Она, не шевелясь, медлила под пальмой. Сегодня это сиденье опять было свободно — с Краснознаменной что-то приключилось, то ли почечная колика, то ли заворот кишок, ее отправили на операцию. Лушка всматривалась, пытаясь разглядеть посетителей за далекой решеткой, но там, как всегда, неоправданно толклись местные, надеясь и любопытствуя, то и дело перекрывая друг друга, а в холле прохаживались или жались к стенам законно допущенные к свиданию. Для большинства это были самые несчастные в сутках два часа, потому что из внешнего мира являлись немногие, а ждали здесь все, а кто не дожидался, выходил хотя бы посмотреть на удивительных людей в хороших платьях и не в шлепанцах.
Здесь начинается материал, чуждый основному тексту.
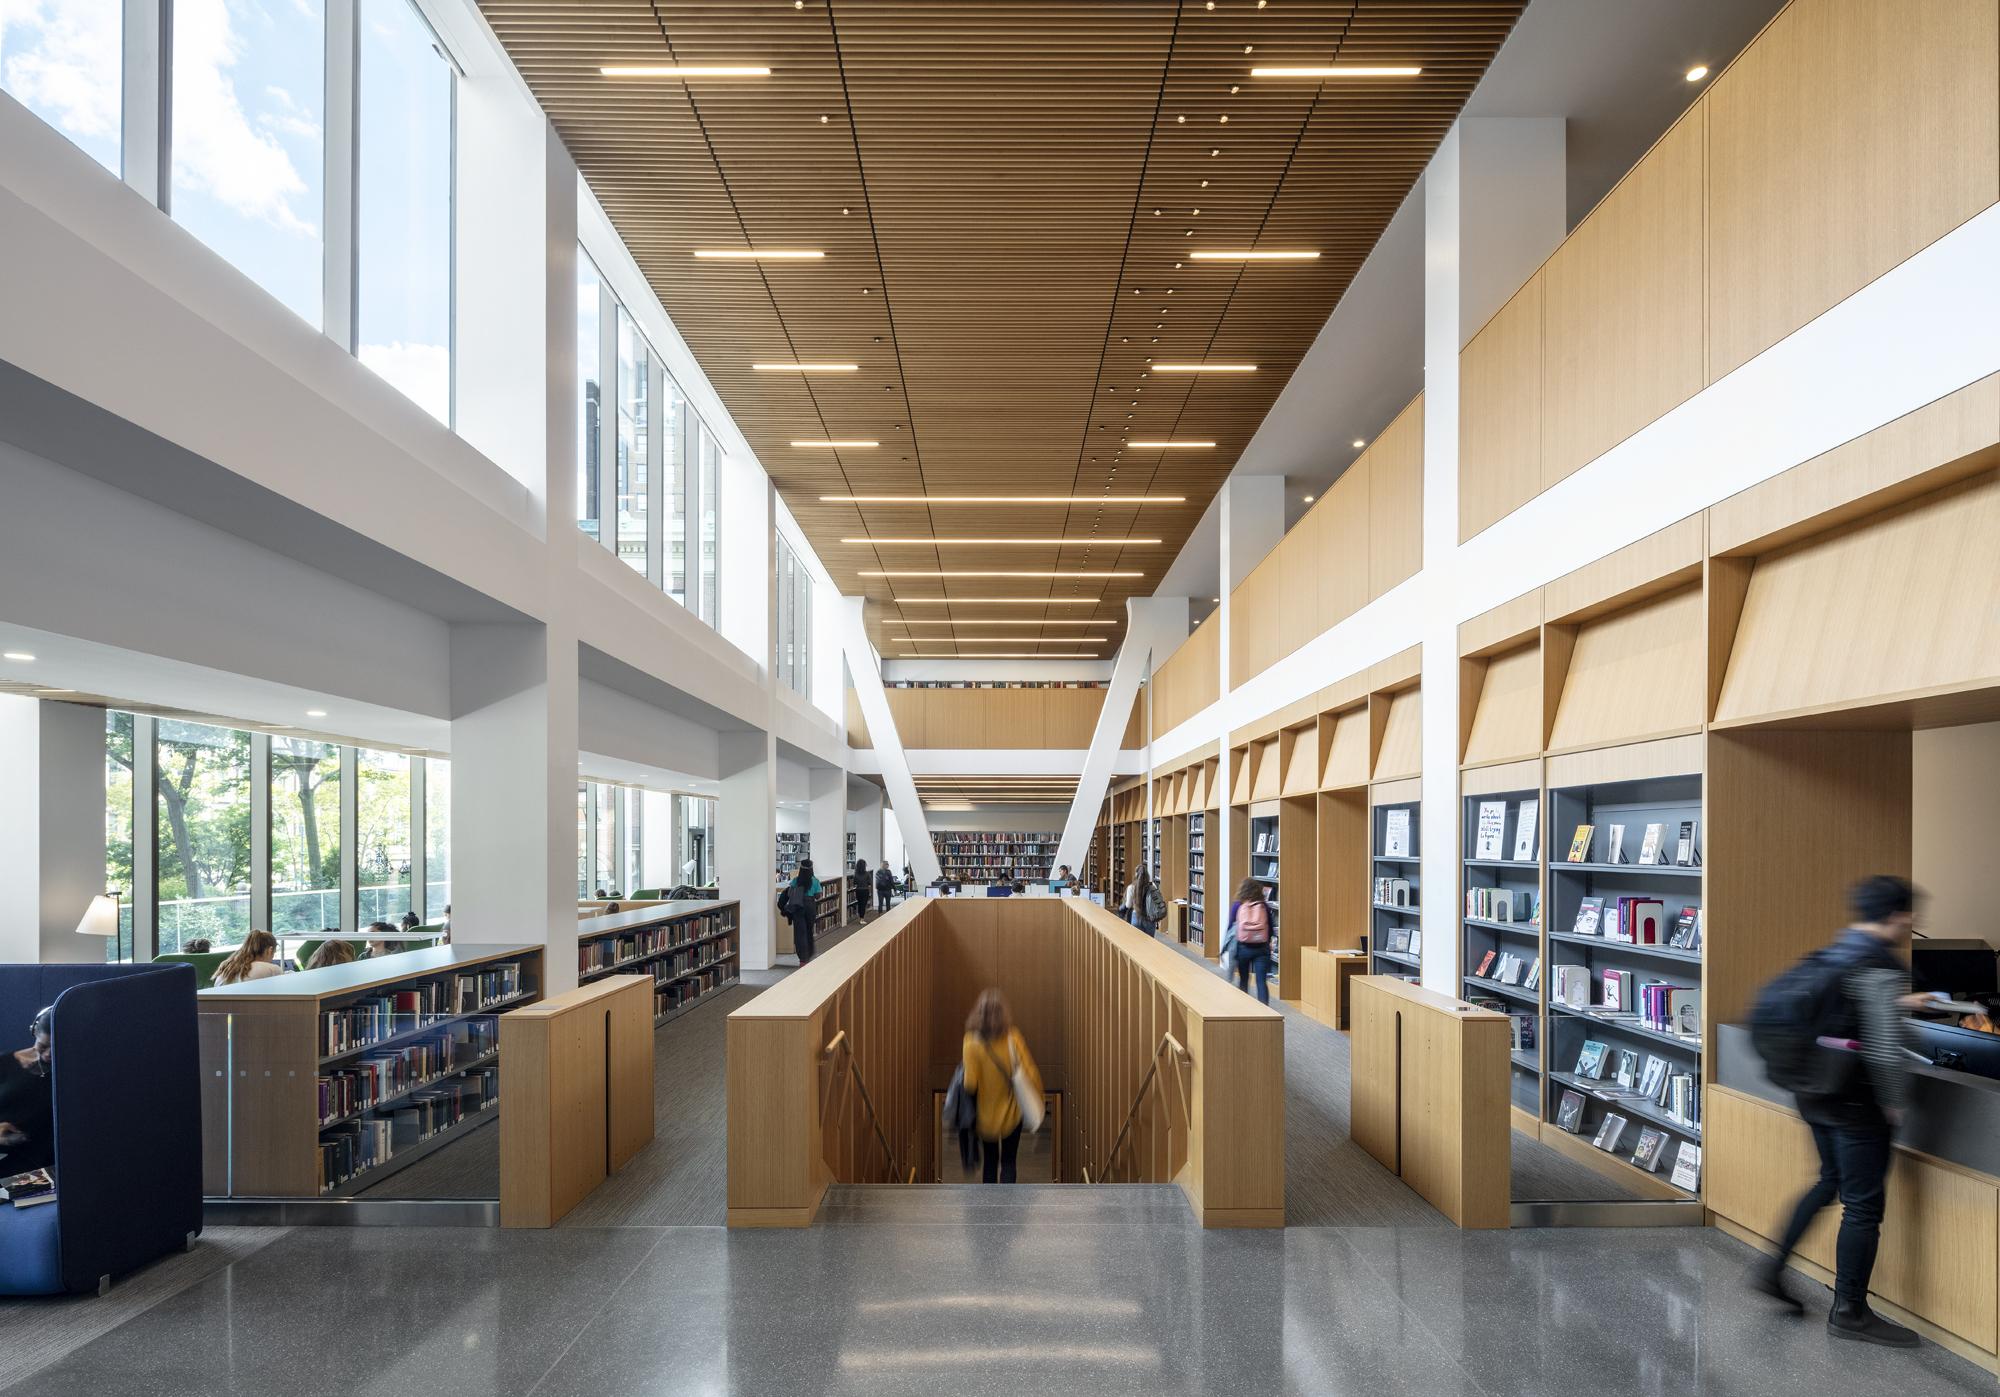 Barnard College   Skidmore, Owings & Merrill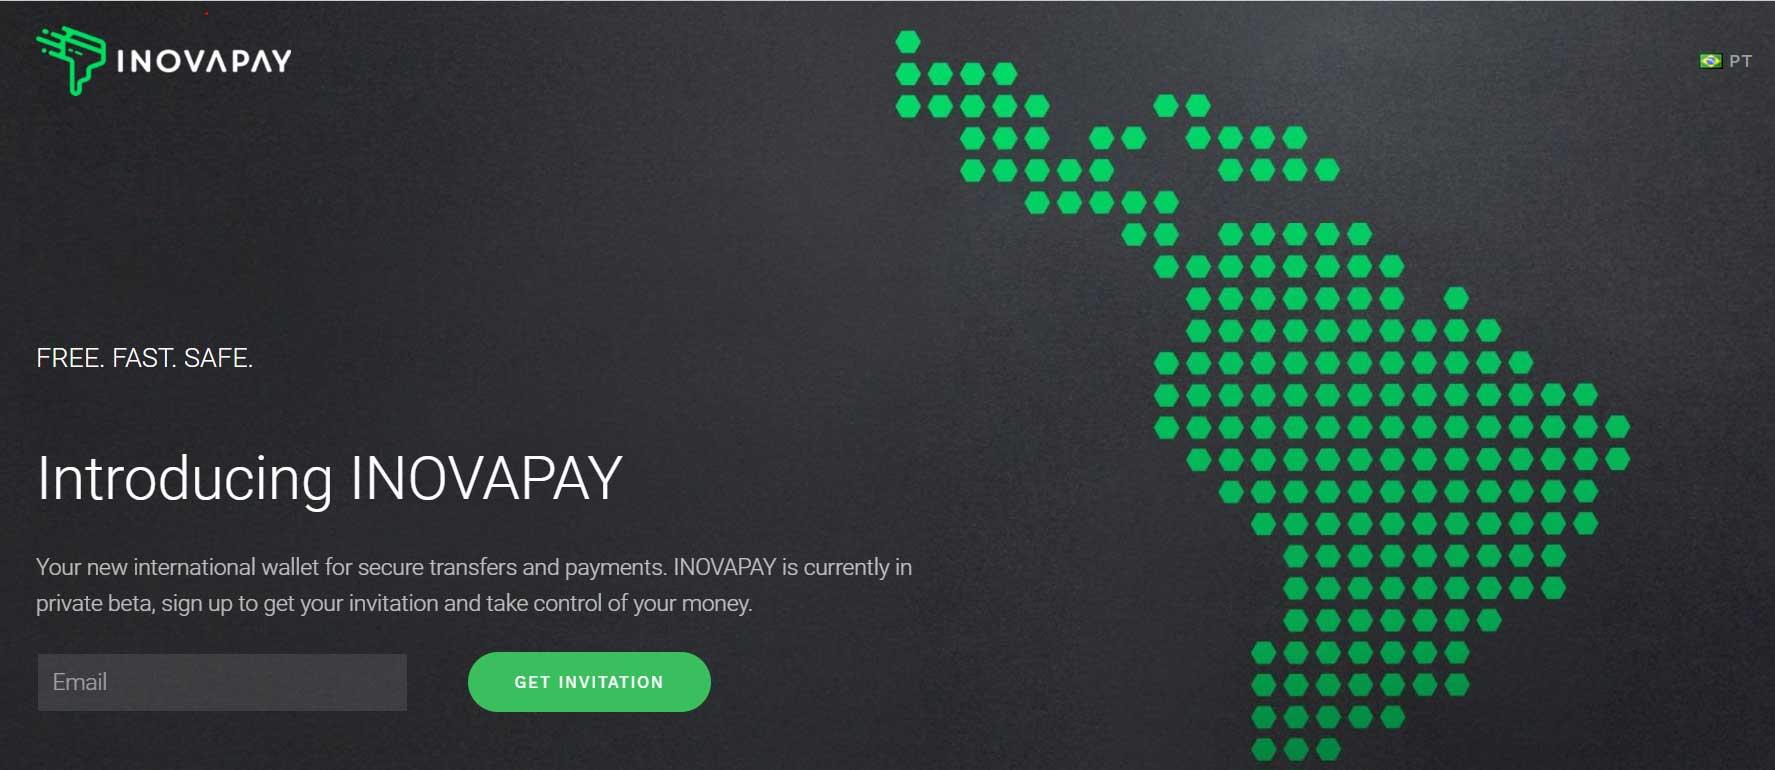 inovapay-pagos-online

— Гришина! — раздраженно рявкнул динамик и добавил еще что-то, чего Лушка не восприняла, потому что уже мчалась, зажав в руке смешной букварь, к двойным дверям, к решетке, к ожидающим по ту сторону виноватым лицам. Среди лиц не нашлось ни одного знакомого. Лушка подумала, что кто-то не дождался и ушел, и она этого не вынесет, даже если это был ненужный отец.
— Деточка… — позвал ее тихий голос.
Голос шел от седой женщины. Женщину Лушка никогда не видела, но голос ее знала. Опахнуло жаркой тьмой отчаяния и запутанных лабиринтов, над которыми недосягаемо трепетала крохотная светлая точка. Далекая слабая точка вытягивала Лушку из засасывающих трясин, не позволяя сдаться отчаянию.
От женщины, смотревшей на Лушку, шла доброта, доброта тоже была знакома — тот же теплый след рассеянно окружал пустую кровать в Лушкиной палате.
— Это вы, — сказала Лушка. — Это были вы.
— Как хорошо ты выглядишь, — обрадованно проговорила женщина. — Это же совсем другое дело.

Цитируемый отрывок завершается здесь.